I wouldn't expect a big price on the stamp maybe $5-$7, and require it in order to hunt pheasants in the state for those 17-64. Other states such as Minnesota have a pheasant stamp, I think it would be a good thing in Utah and couldn't be a bad thing for sure. Last year with all the released birds or seemed to create excitement again and there were many more hunters afield knowing there were birds to be found.


----------



## Hoopermat (Dec 17, 2010)

The biggest problem the pheasants face is always going to be preditors. Let face it utah has plenty of great habitat but until the preditor population is controlled they don't stand a chance. Now here's an idea. I would support a stamp for pheasants that went into a fund to pay a reward on all preditors. Not just coyote but fox, raccoon, skunk, feral cats, etc


----------



## #1DEER 1-I (Sep 10, 2007)

Hoopermat said:


> The biggest problem the pheasants face is always going to be preditors. Let face it utah has plenty of great habitat but until the preditor population is controlled they don't stand a chance. Now here's an idea. I would support a stamp for pheasants that went into a fund to pay a reward on all preditors. Not just coyote but fox, raccoon, skunk, feral cats, etc


Utahs largest pheasant problem is not predators, it's habitat. Habitat meaning decent winter cover, knee high grasses for nesting, areas where the only cover isn't just a few fence line strips. If you have an entire field that has good habitat rather than one measly strip the predator will be much less effecient in finding a pheasant or their nests. Just because a field has grass in it, doesn't mean it's useful when it's fed off to nearly bare ground at the end of the grazing season heading into winter. Predator control is a temporary non-lasting endevour, habitat acquisitions and improvement are looking towards the future and are sustainable.


----------



## Mr Muleskinner (Feb 14, 2012)

habitat is the problem. South Dakota has more skunks, foxes, racoons and feral cats than you can shake a stick at and they still have plenty of birds.

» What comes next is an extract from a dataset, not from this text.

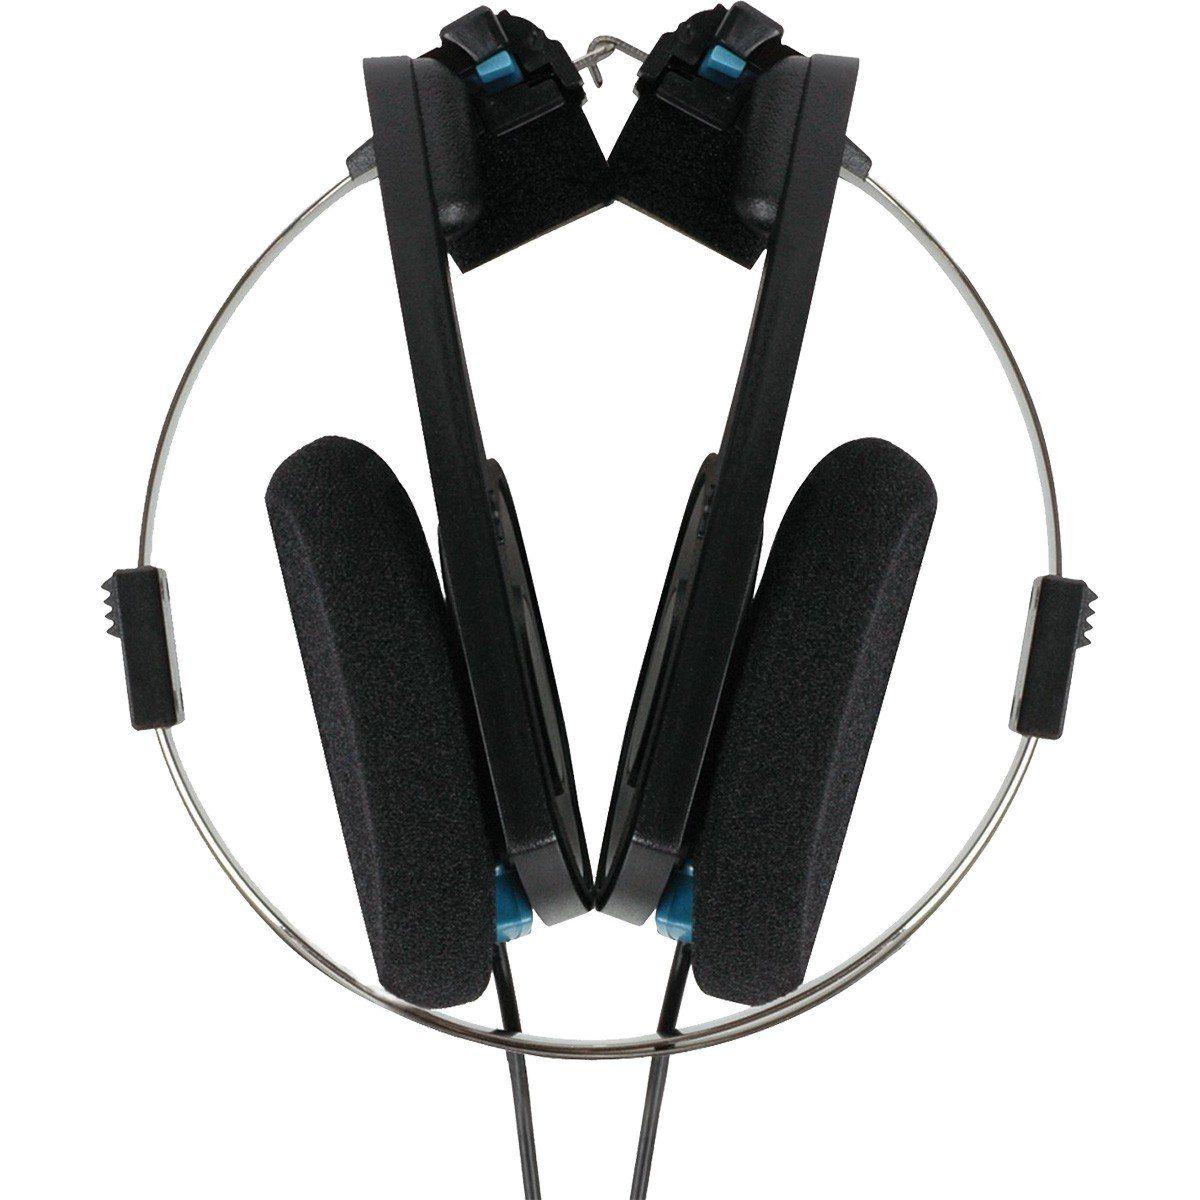 Koss Porta Pro Fone de Ouvido Porta-Pro Original Semi-Aberto para Retorno

Many of the public places that held birds have been developed or overgrazed to the point that they don't hold many any more. The predators (birds of prey included) then concentrate in the same small areas that birds are at. On top of that what pheasant hunters there are concentrate to these same areas. If you have large areas with excellent cover it gives the birds ample places to hide from predators and hunters alike and increases the chances of survival dramatically.


----------



## Mr Muleskinner (Feb 14, 2012)

want better habitat? better do a long rain dance in this state and shut down grazing or reduce it drastically


----------



## lunkerhunter2 (Nov 3, 2007)

Absolutely not! Until they decide to control the predators (***** and skunks mainly)in a major way you are fighting a loosing battle. Not to mention the private land issue. There are not but a couple dozen roosters on any given WMA. Pheasant hunting is a thing of the distant past unless you have the $15/bird to spend on a farm. Hunt something that isn't a myth like ducks.;-)


----------



## #1DEER 1-I (Sep 10, 2007)

lunkerhunter2 said:


> Absolutely not! Until they decide to control the predators (***** and skunks mainly)in a major way you are fighting a loosing battle. Not to mention the private land issue. There are not but a couple dozen roosters on any given WMA. Pheasant hunting is a thing of the distant past unless you have the $15/bird to spend on a farm. Hunt something that isn't a myth like ducks.;-)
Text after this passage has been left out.